HELADA Language Repository

Photo for HELADA Language Repository
The Heritage Language Data (HELADA) Repository aims to provide an open-access online platform to preserve heritage language data and allow researchers both to access it and contribute their own data. The platform will provide an easily accessible interface to search various data formats, including speech samples, audio recordings, videos, and writing samples. The repository is expected to be ready for public use in the coming months.

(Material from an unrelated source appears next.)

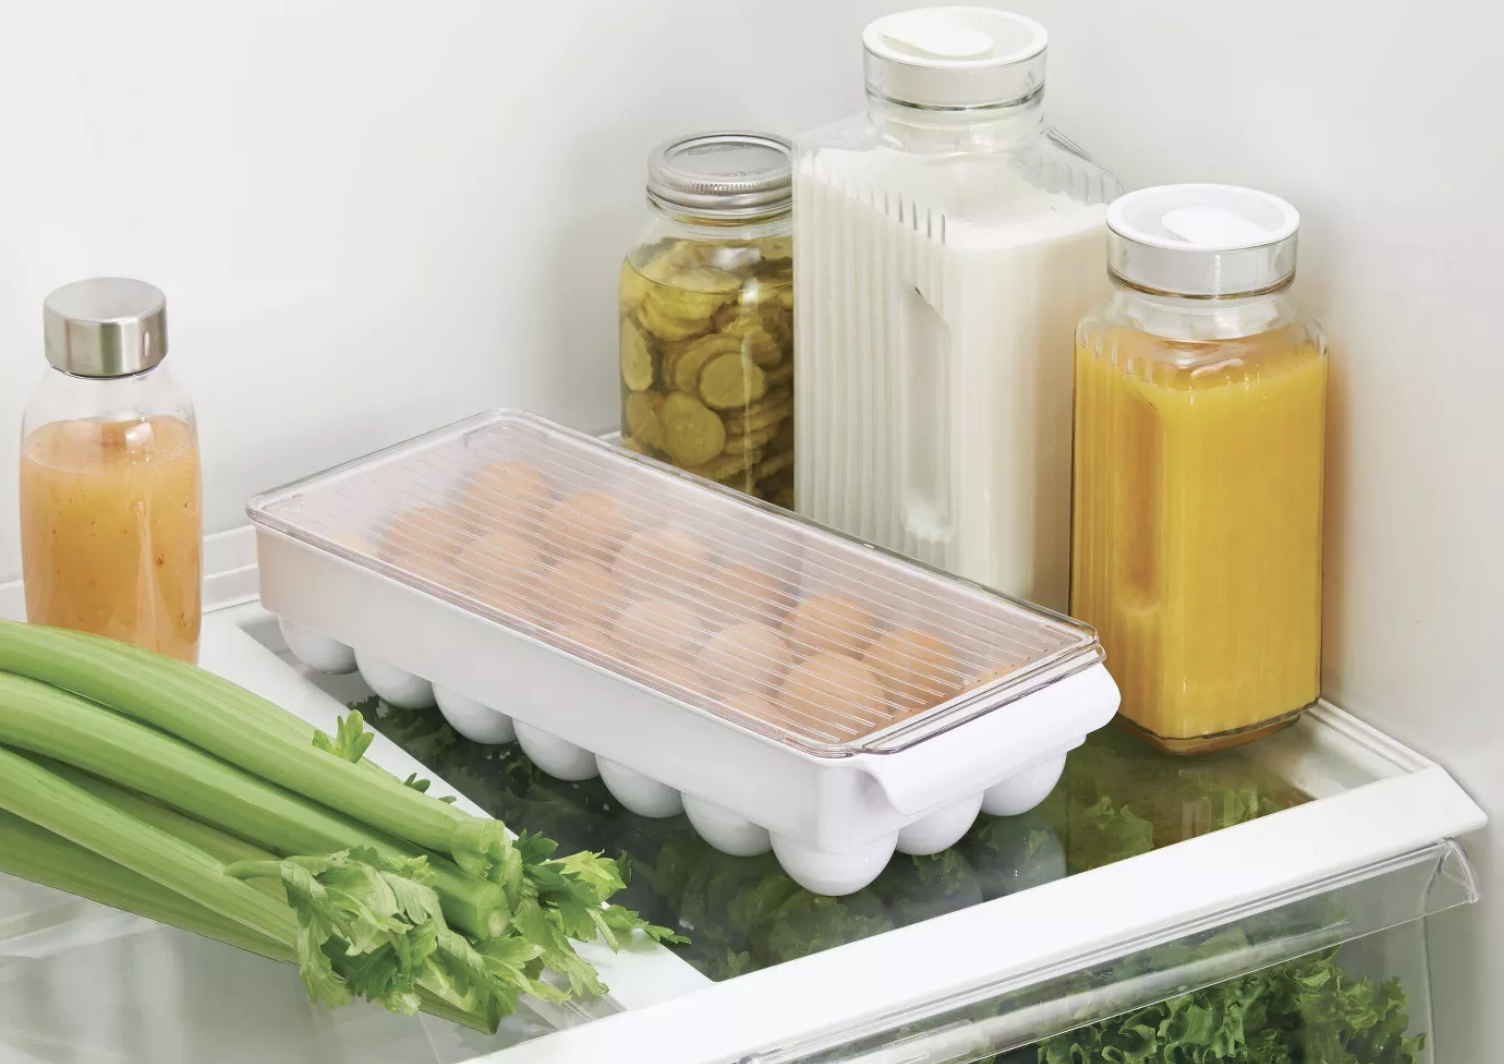 the egg organizer in a fridge surrounded by produce and drinks

The Heritage Language Data (HELADA) Repository aims to provide an open-access online platform to preserve heritage language data and allow researchers both to access it and contribute their own data. The platform will provide an easily accessible interface to search various data formats, including speech samples, audio recordings, videos, and writing samples. The repository is expected to be ready for public use in the coming months.

Dr. Mihail Kopotev, a linguistics professor at the University of Helsinki, Finland, and HELADA’s project adviser, highlighted the breakthrough importance of the data that will be collected and stored on this new platform: “[The repository will collect essential data on] the first language, age of acquisition, age of recording, other languages known to the speaker, etc. This information is crucial and is not available in any other language repository.”

Professor Mikhail Kopotev

Professor Mihail Kopotev

A principal motivation for the creation of HELADA has been the continuing development of the field of heritage languages, and the researchers’ need for streamlined data to conduct more studies.

Maria Polinsky, a professor of linguistics at the University of Maryland and director of research at the National Heritage Language Resource Center (NHLRC), added that much of the growth in the study of heritage languages has occurred in the past 20 years. However, she noted that compiling the proper data for research has been difficult especially as more data has been collected.

Technical factors contribute to this difficulty, especially the need for an intuitive interface in the development of a streamlined repository. Olesya Kisselev, an assistant professor in bilingual bicultural studies at the University of Texas and NHLRC project leader of HELADA explained that, “a lot of these platforms are clunky and not as user-friendly as we would ideally like to see…we hope to attract people who collect data…who may not be well-versed in technical applications.” She added that new data storage and processing capabilities have also driven the creation of the repository.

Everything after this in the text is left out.